A = 1/2 (2(pi) - 3root3/12) (theta) <<< where did "r" go?? However, as defined in the problem, that should be "s".

A = 12(4(pi) - 6root 3/12) (theta)

A= 4(pi) - 6root3/12 (theta)

A = pi - root3/6 (theta)

Oh boy....I need help.

 

[soroban]

Hello, Tinkermom!

Your formula is correct.

\(\displaystyle \text{The area of a sector is: }\:A \:=\:\tfrac{1}{2}r^2\theta\)

. . \(\displaystyle \text{where }r\text{ is the radius and }\theta\text{ is the central angle in radians.}\)


\(\displaystyle \text{We have: \,radius }= s,\;\;\theta = 60^o = \tfrac{\pi}{3}\)

\(\displaystyle \text{Hence: }\:A(\text{sector}) \:=\:\tfrac{1}{2}s^2(\tfrac{\pi}{3}) \:=\:\tfrac{\pi}{6}s^2\)


\(\displaystyle \text{The area of an equilateral triangle of side }s\text{ is:}\)

. . \(\displaystyle A(\text{triangle}) \:=\:\tfrac{\sqrt{3}}{4}s^2\)


\(\displaystyle \text{Therefore, the area of the segment is:}\)
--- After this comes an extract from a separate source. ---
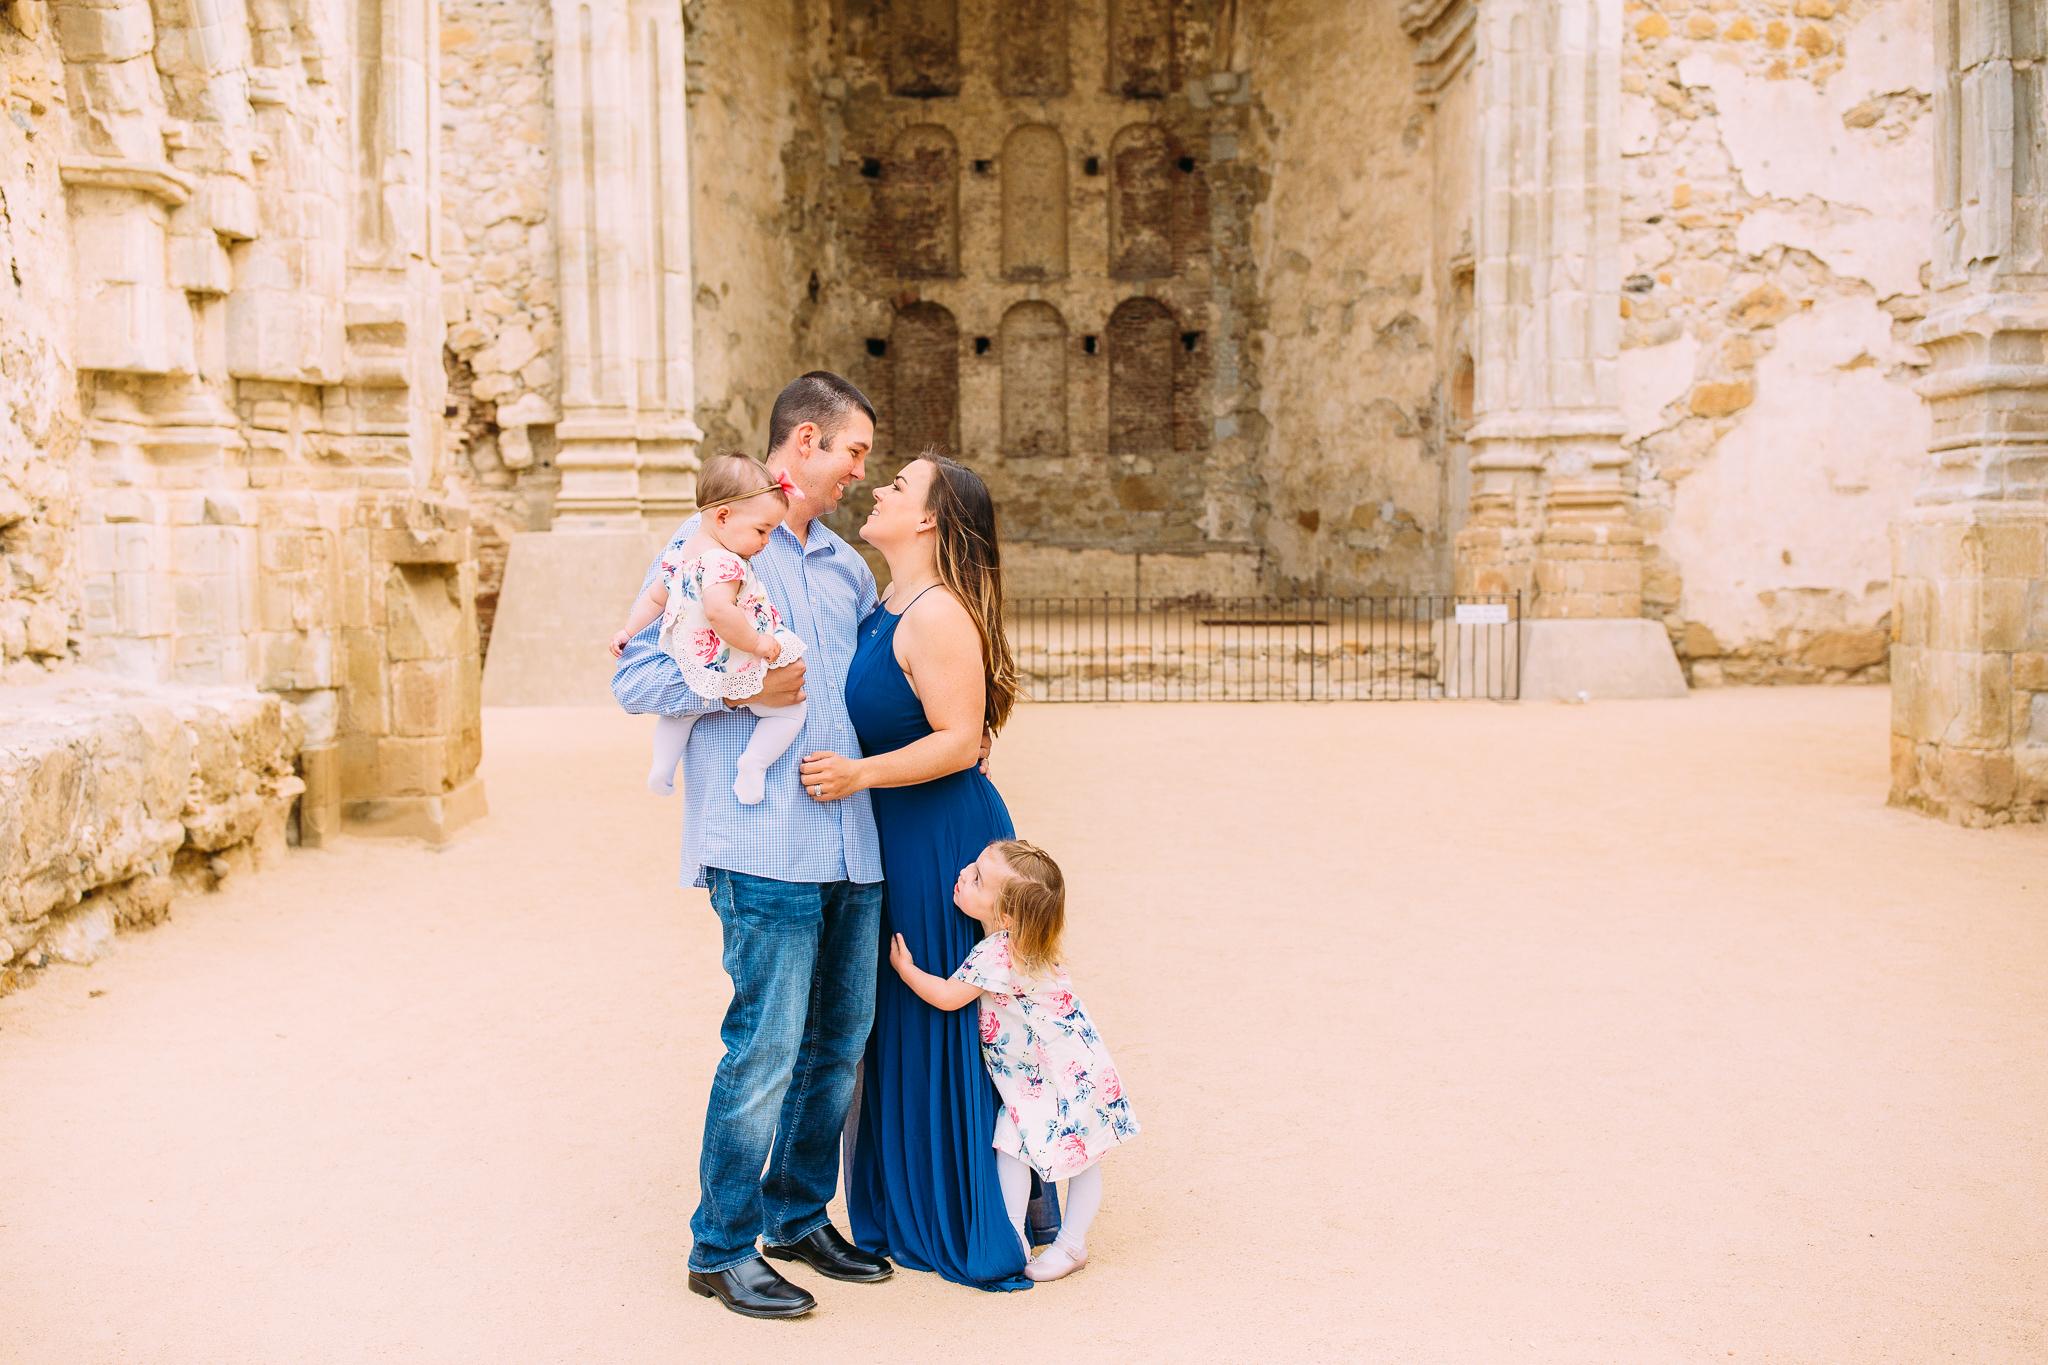 orangecountyfamilyphotographer24.jpg

. . \(\displaystyle \frac{\pi}{6}s^2 - \frac{\sqrt{3}}{4}s^2 \;=\;s^2\left(\frac{\pi}{6} - \frac{\sqrt{3}}{4}\right) \;=\;s^2\left(\frac{2\pi - 3\sqrt{3}}{12}\right)\)

 

[Tinkermom]

At first I didn't see how you got root3/4 s^2. I had to stare at it a while...but I got it.

Thank you for your help.